The reason that prisons are awash in drugs is the visitors doing the 
smuggling have little fear of arrest, because those testing positive 
during ion scans are rarely reported to police, said Robertson.

"It shouldn't be discretionary - there should be a policy in place."

"If a visitor consistently tests positive police are rarely 
contacted. If they are, police are so busy they are slow to respond 
and follow up, and if they do Crown council rarely proceeds with charges."

The union wants the cooperation of the CSC, the police and outside 
agencies to stem the drug trade, he said.

"99.9 per cent of the drugs are brought in by visitors or thrown over 
the fence," said Robertson, who dismissed the notion that any 
significant quantity of drugs is being smuggled in by guards.

"After an inmate social with a hundred people, the week following we 
see large seizures of drugs and increased fighting over drugs."

"Matsqui is where a lot of drug dealing takes place. The gangs inside 
are the same as those outside - it's a mirror image," Robertson said.

Federal Public Safety Minister Stockwell Day's office issued a 
statement, saying Day wrote to Keith Coulter, commissioner of the 
correctional service, asking the policy on drug searches be updated.

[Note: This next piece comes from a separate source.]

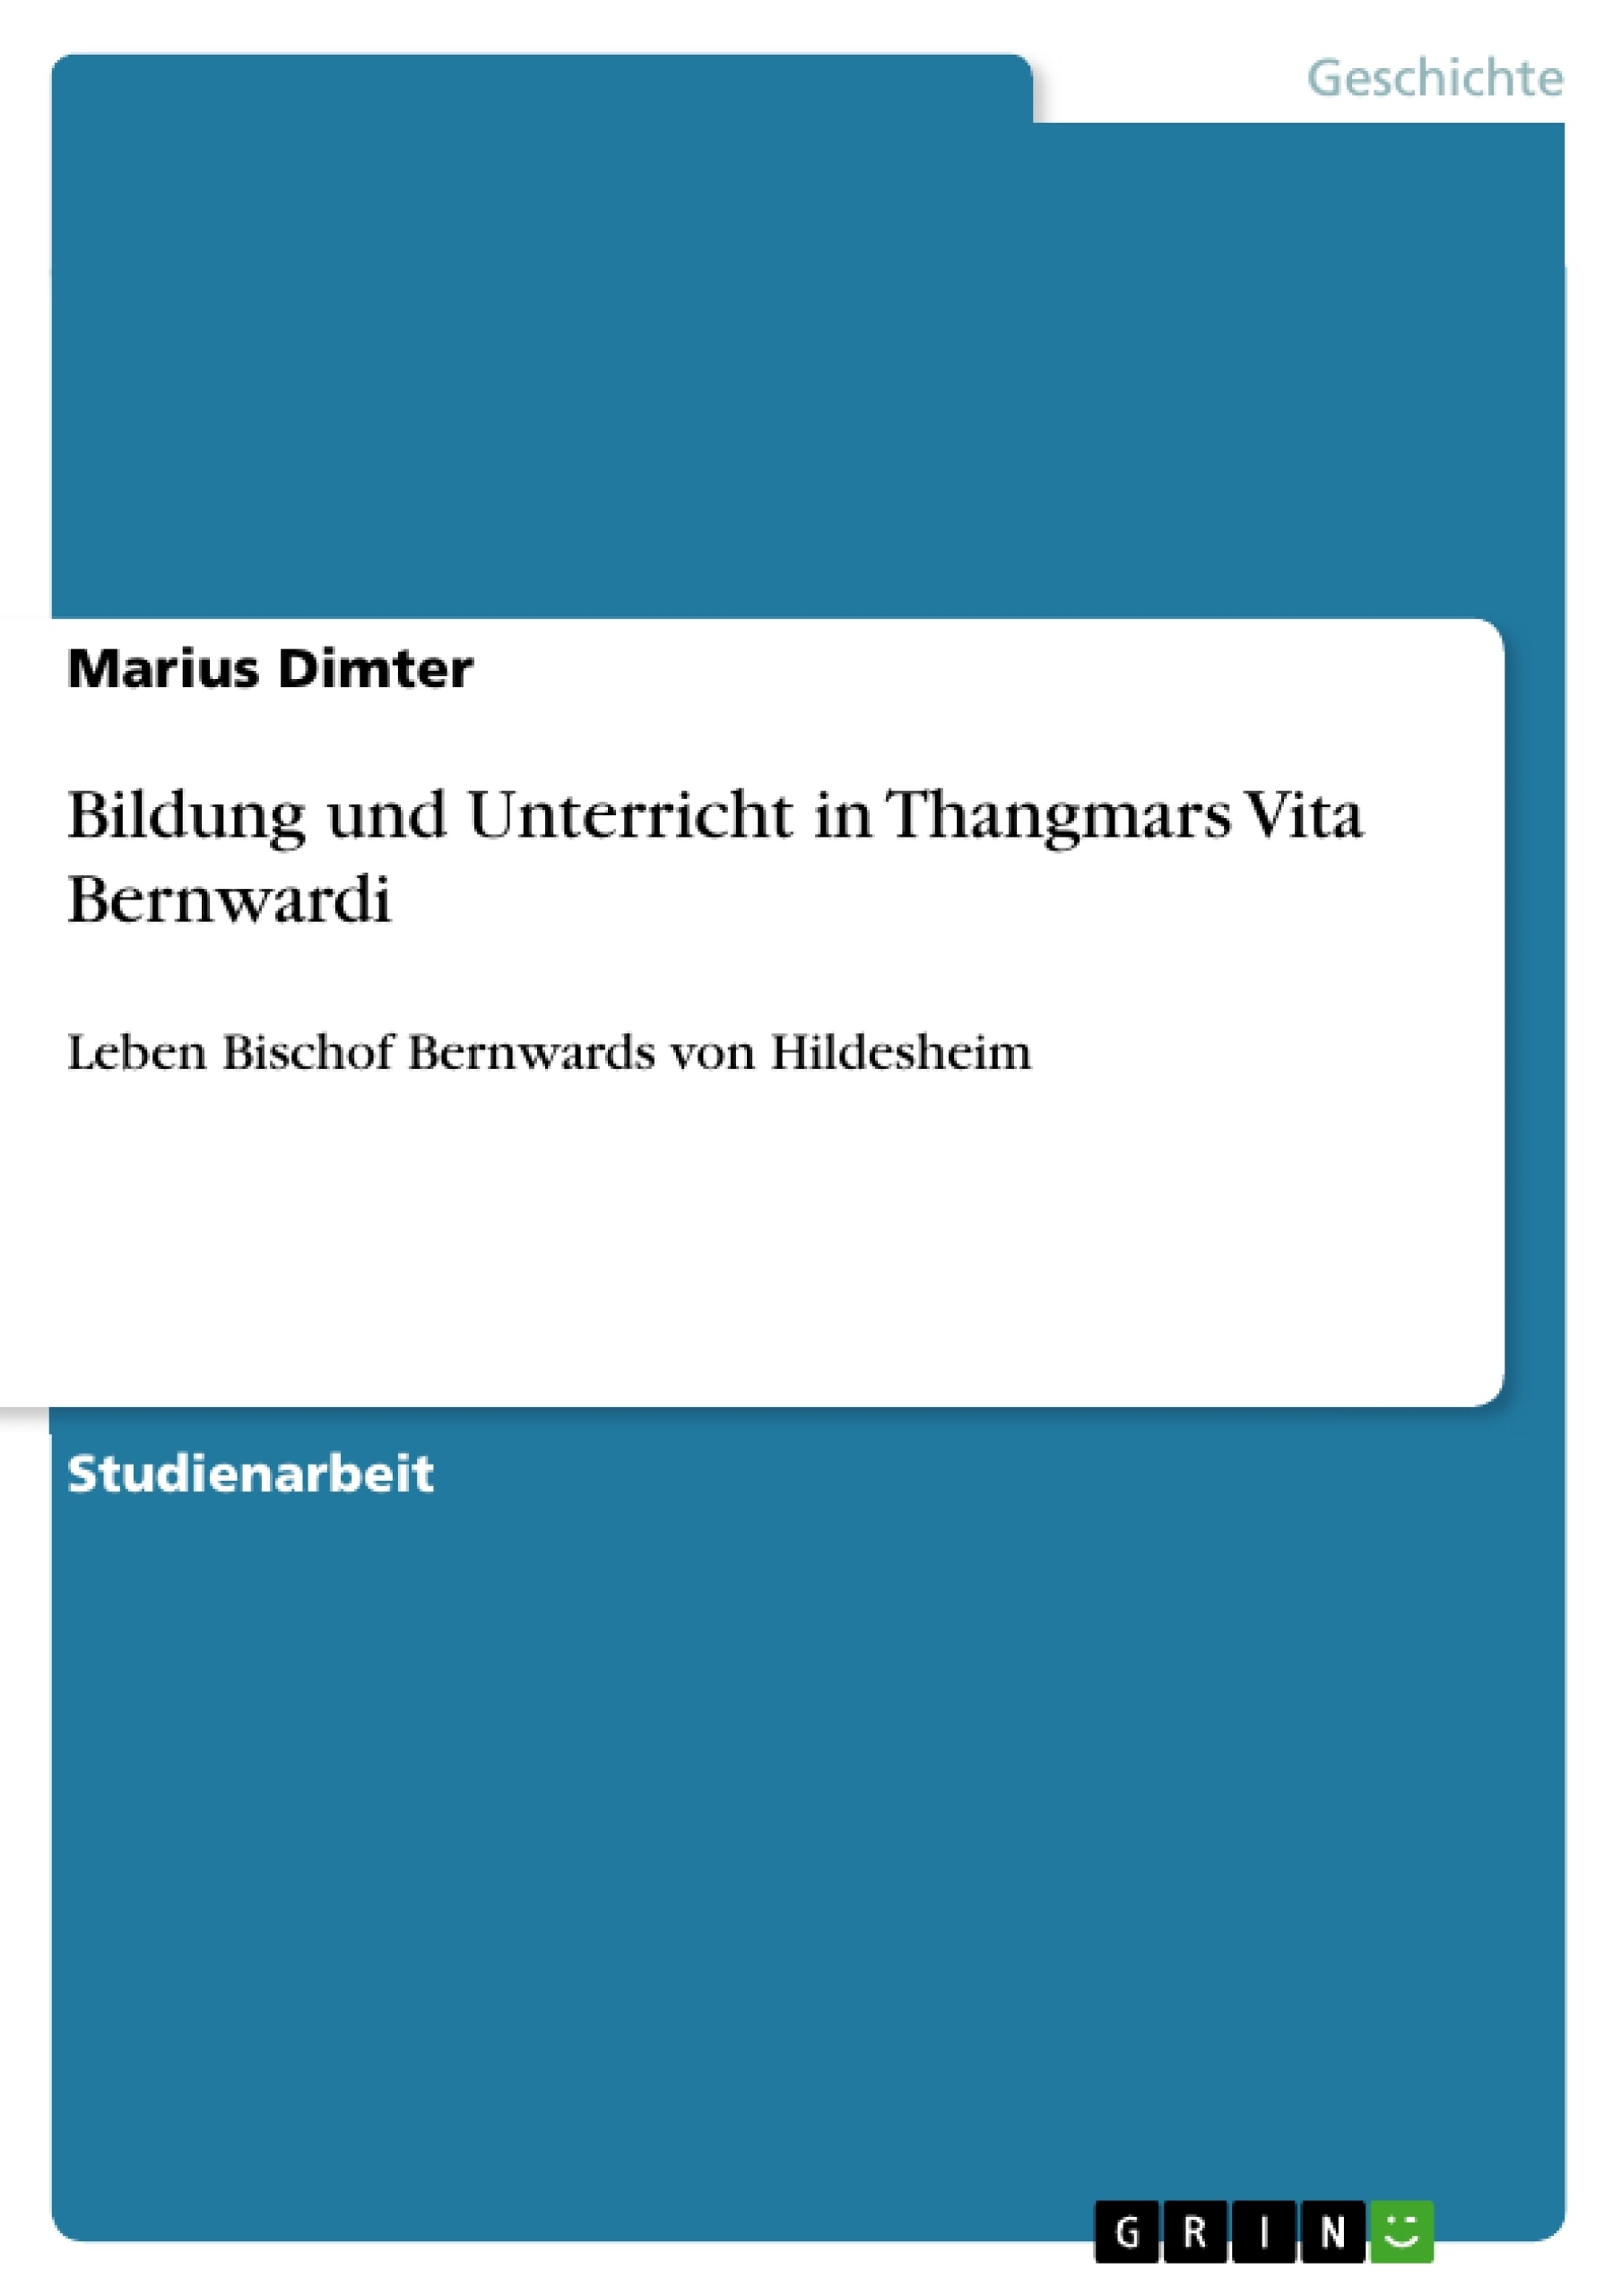 Título: Bildung und Unterricht in Thangmars Vita Bernwardi

Day reportedly asked Coulter that policy support the "overarching 
priority of deterring drug trafficking into penal institution", and 
"the use of children to traffic narcotics into an institution is not 
inadvertently encouraged by CSC policy."

In the issued statement Day said, "Our government is determined to 
ensure penitentiaries are drug free."

"Keeping drugs out of our institutions is vital for the safety of our 
correctional officers and for the rehabilitation of offenders," he said.

Day made no comments regarding his position on the call for more 
consistent policy around drug testing and searches in federal institutions.